Thursday, November 17, 2011

Taiwan Drills Test Defenses Against China Attack

CHIATUNG, Taiwan - Taiwan's military on Nov. 17 carried out a major maneuver testing its ability to withstand a D-Day style attack by China.

A U.S.-made F-16 fighter of the Taiwanese air force flies at low-altitude over a highway in Chiatung during a drill Nov. 17 (Patrick Lin / AFP via Getty Images)
The drill, held on the south of the island, pitted a marine brigade, acting as an enemy landing force, against a motorized infantry brigade defending the island, according to the defense ministry.

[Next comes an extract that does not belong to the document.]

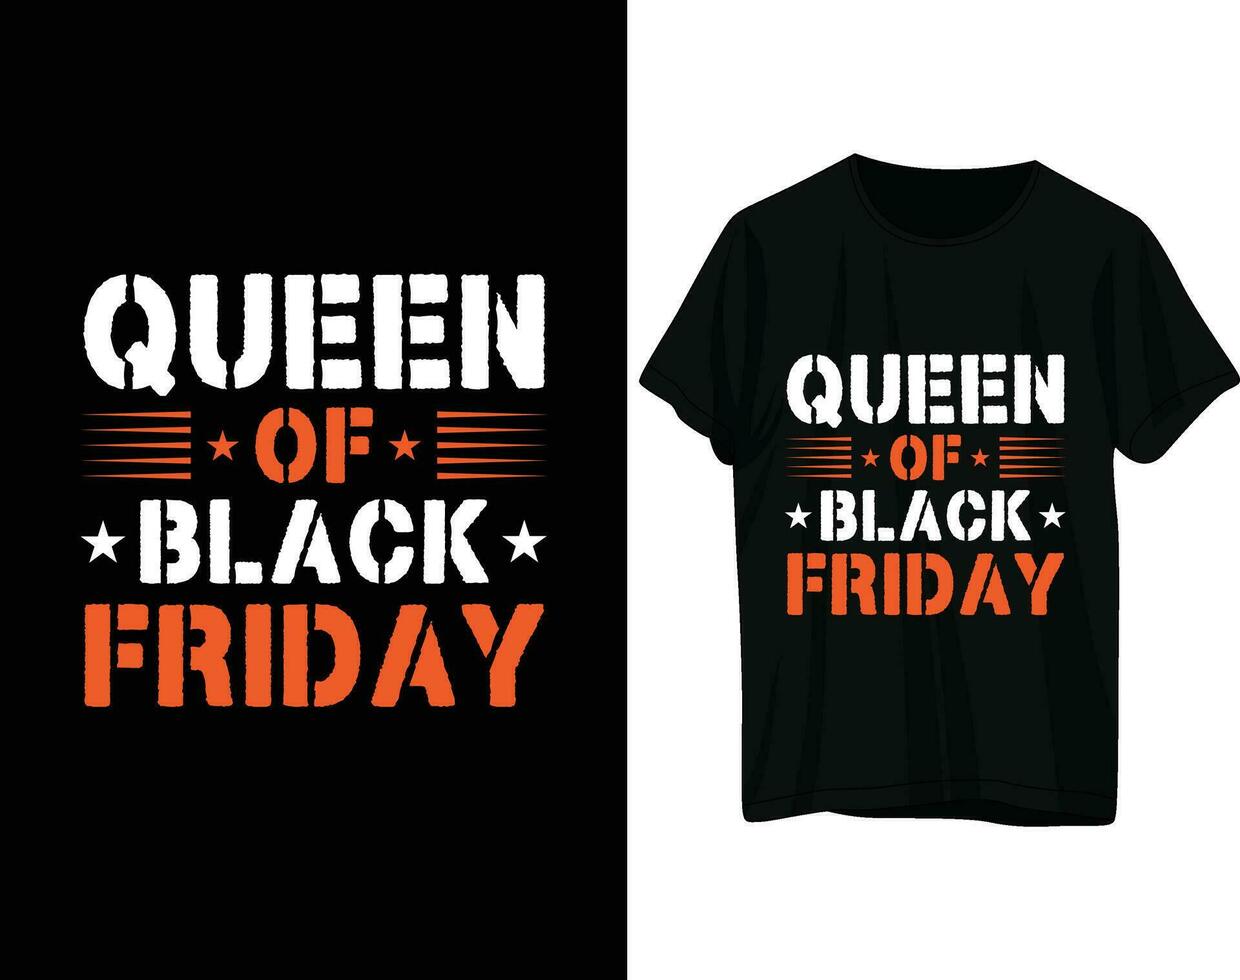 Queen of black friday tshirt design vector

The air force had planned to have four aircraft, including a U.S.-made F-16, land on and take off from a sealed-off section of a highway near the southern city of Pingtung but had to skip that part of the drill due to low visibility.
Ties between Taiwan and China have improved drastically since Ma Ying-jeou of the China-friendly Kuomintang party became president in 2008. Ma promised to boost trade links and allow more Chinese tourists to visit the island.

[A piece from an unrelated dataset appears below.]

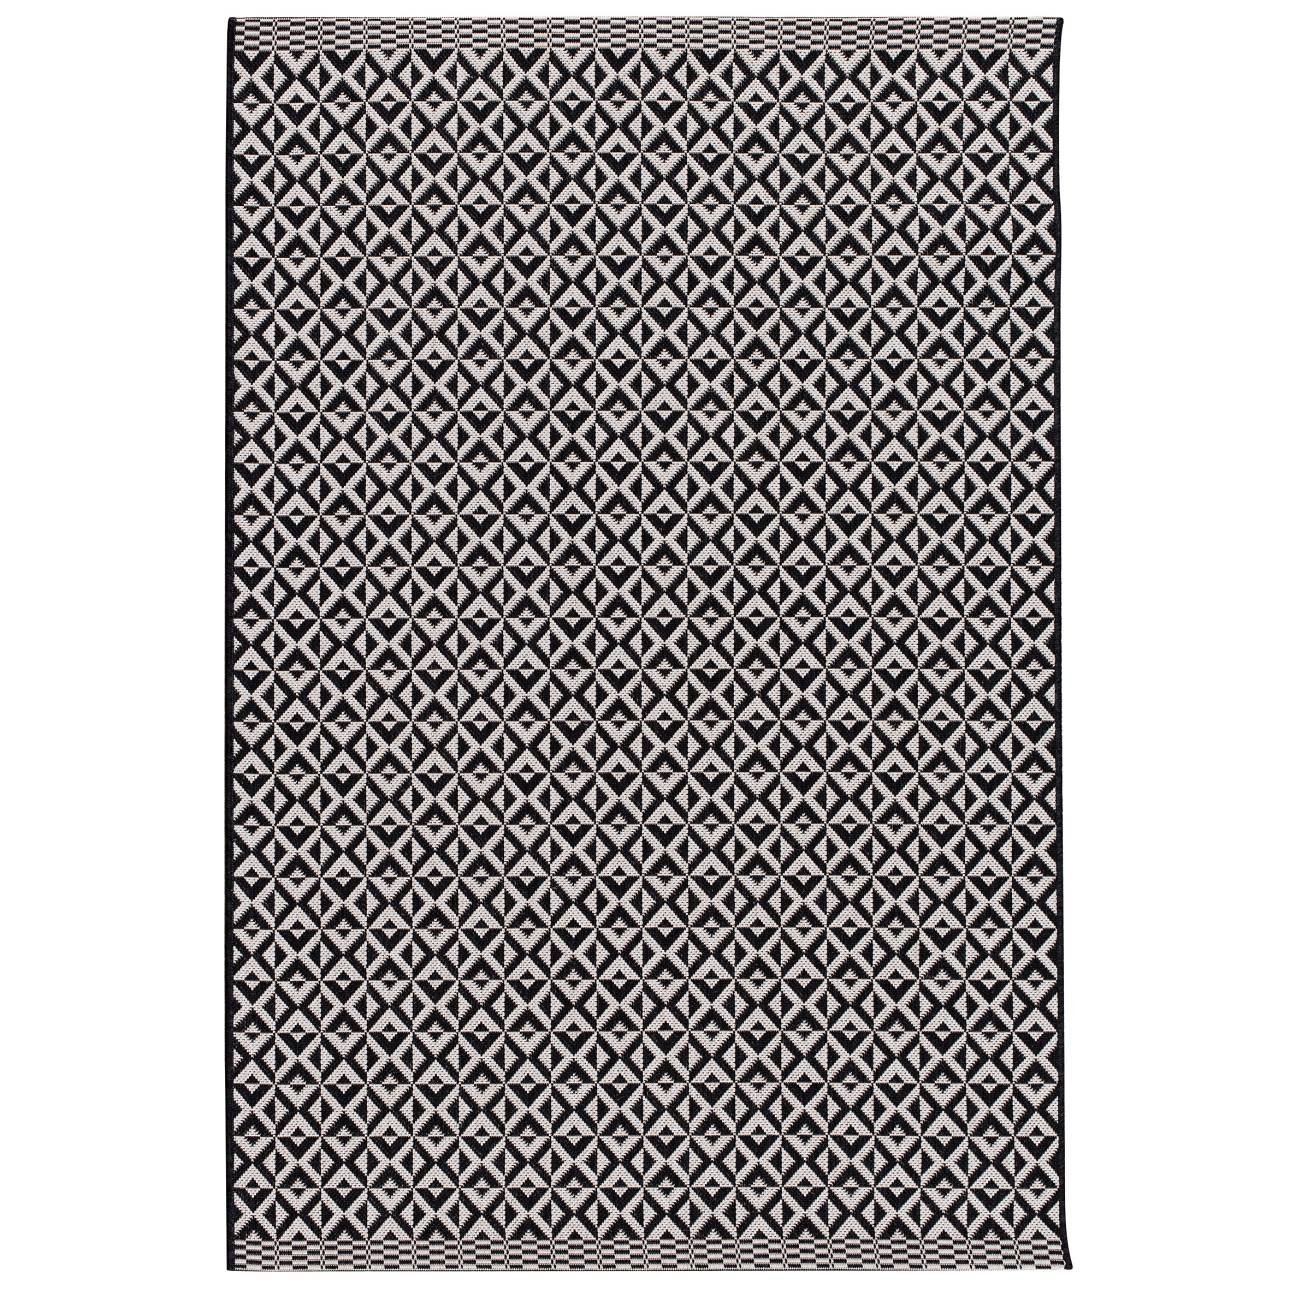 Dekoria Koberec Modern Geometric black/wool, 120x170cm, 120 x 170 cm

But China still claims sovereignty over Taiwan, which has governed itself since 1949, and has vowed to get it back, by force if necessary.
As a result, China continues to build up its military facing Taiwan, focusing especially on weaponry that can help bring the island to its knees, should the need arise.
Taiwanese experts estimate that China has more than 1,600 missiles aimed at the island and has recently deployed a new type of ballistic missile despite improving ties.